Governments and communities have faced similar challenges over the years, with the monumental costs incurred to build public physical infrastructure. The challenges in investing in public physical infrastructure have been addressed, in part, through the ability to project with significant reliability, the streams of benefits and costs both to users and investors. It is this reliability that has given sufficient comfort to those who set standards in the accounting profession to allow for the spreading of the cost of infrastructure projects over time through the creation of amortization rules. Amortization allows investors to spread the cost of infrastructure investments over the useful lifetime of the asset thus reducing the impact of the initial spending on the investor’s income statements in a given year.
It is time to develop similar tools for early interventions in health and social services in order to create an environment wherein greater investments in primary and secondary prevention might be possible. This would allow governments and health care organizations to make larger intervention investments to help meet the great health and social challenges of this age.

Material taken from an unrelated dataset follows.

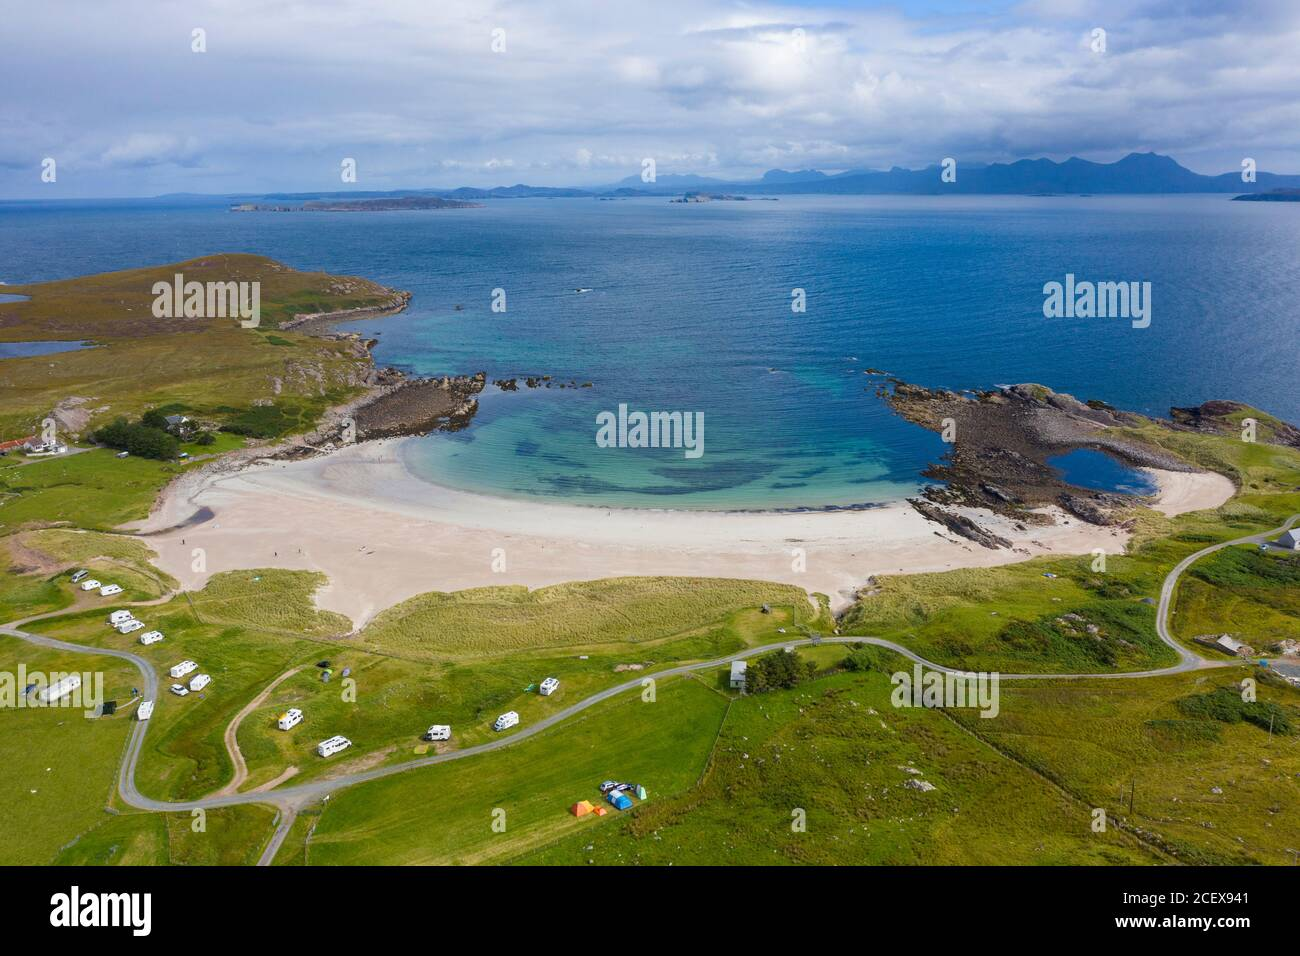 Vista aérea de la playa de Mellon Udrigle en Ross-shire en Scottish Highlands, Reino Unido Foto de stock

This funding opportunity aims to provide relevant audiences with the frameworks and tools that can support the economic analysis of investments in primary and secondary health prevention, identify the scientific and policy challenges that must be addressed if the costs of such investments are to be amortized over time, and outline the changes required to accounting regulations that would allow the costs of primary and secondary prevention and early intervention services and programs to be amortized.
More specifically, the goals of this funding opportunity are to:
- Develop a framework that lays the analytic foundation to support implementation of cost amortization for investments in prevention and early intervention. This framework should only consider health economic evidence for primary and secondary prevention initiatives that is sufficiently strong to be able to be relied upon by government and private investors to generate predictable streams of benefits over time.
- Develop one simulation of the analytical framework in action for a minimum of three of the four following focus areas: mental health; child and youth health; food security (e.g., nutrition, diabetes); or intergenerational trauma (e.g., domestic violence prevention, depression). It is expected that each simulation will include a long term health economic forecast and be aligned with the actual government budgeting process so as to allow officials to better understand the tangible implications of investing in prevention.
The total amount available for this funding opportunity is $265,000, enough to fund approximately one grant for up to one year.